The case came before HHJ David Richardson in this Tribunal on the
sift. It is plain that he thought that the 2010 claim was about delay; he does
not appear to have understood from the papers before him that it had anything
to do with the withdrawal of an offer that had been made in circumstances that
would have been bound to cause distress and upset to any employee. He granted
permission upon the basis that it was arguable that the claim was about delay
up to and including 17 August, and it was not possible for the Employment
Judge to read it as relating at the latest to 4 June 2010. That is
certainly not the way in which the matter is now put before me.
Postscript
24.
The Claimant applied to the Tribunal for a review of the Judgment. When
he did so he then clearly made the point that he was complaining about the
withdrawal of the compensation offer or agreement reached on 17 August.
The Employment Judge refused the application for a review on the ground that it
had no reasonable prospect of success. It is a matter of regret that she did
not give further reasons, if only to say that she had heard, considered and
rejected the point now made and, if so, why, because she says nothing about it
in the Judgment, or alternatively that the point had never been raised and it
was now too late.
Discussion
25.
The Judge was plainly entitled to regard the case as out of time if she
was entitled on the material before her to conclude that the issues being
raised by the Claimant were related to 4 June, or what was known by
4 June, and earlier. That is common ground before me. I have to ask
whether she misunderstood materially what was being put to her. I take into
account the fact that Mr Charles, given the careful eloquence and
intelligence of his submissions before me, is someone who is plainly easily
capable of making a point and doing so clearly so that it is recognised and
understood. Nonetheless he is a litigant in person. A Tribunal has to be
careful to identify that which a litigant in person is complaining about.
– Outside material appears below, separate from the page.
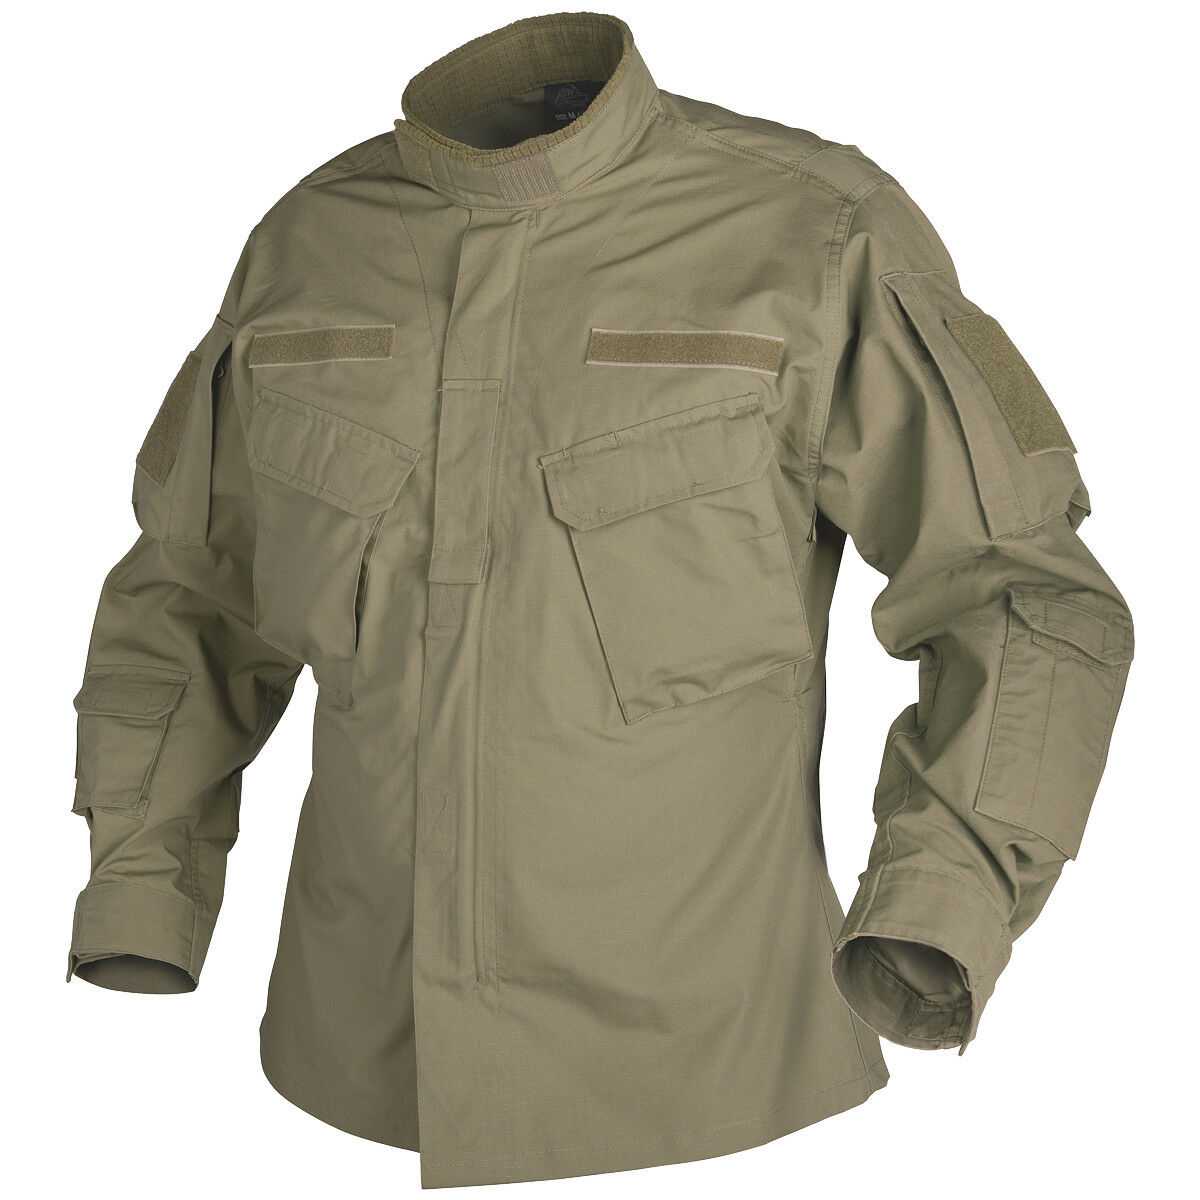 Helikon Helikon Helikon Tattica Army Jacket Cpu Patrol uomo Shirt Airsoft Tiro Coyote Tan 52e728

However, he had been a litigant in person who had had the advantage of legal
representation from both counsel and solicitor beforehand. The Employment
Judge was entitled to regard the documents and the conduct of the case by both
as illuminating what was truly in issue. It is plain that the witness
statement of Mr Charles was read, and I cannot conceive that he would not
have indicated clearly during the course of reading that witness statement what
was the real subject of complaint if it had been, and that it would have been
noted by the solicitor acting for Tesco. The thrust of the documents put in by
him, those which are accepted to be done by him, and those which were done on
his behalf but which he rejects as being inadequate and improper services by
professionals, corresponds in identifying the issues as relating to
Mr Andrews’ discrimination and as to delay.
26.
The Employment Judge heard evidence from the Claimant. That had to
focus upon the dates relevant to this case, although it would also have dealt
with the other two cases then before the Tribunal. Although it is not easy
sometimes for those who represent themselves to clearly identify that which
they are complaining about, it was for that specific purpose that
Judge Bloom made his directions, and it does not appear that any attempt
was made to disown the answers by the Claimant prior to the hearing before
Judge Tribe.
Conclusion
27.
In all those circumstances, I have come to the conclusion that, on the
material that was before the Judge, the Judge was entitled to think that the
complaint being advanced to her was a complaint that had two aspects to it: one
was delay, and the other was disparate treatment as between him and Mr
Andrews. There was insufficient to indicate that the Claimant was making a
case that the withdrawal of the compensation offer, if that is what it was, or
the failure to honour the compensation agreement, if that is what it was, was
an act of discrimination against him that was the central complaint in his
claim. It follows that I am obliged to conclude that there is no identifiable
error of law in the Judge’s reasoning. The appeal must therefore be dismissed.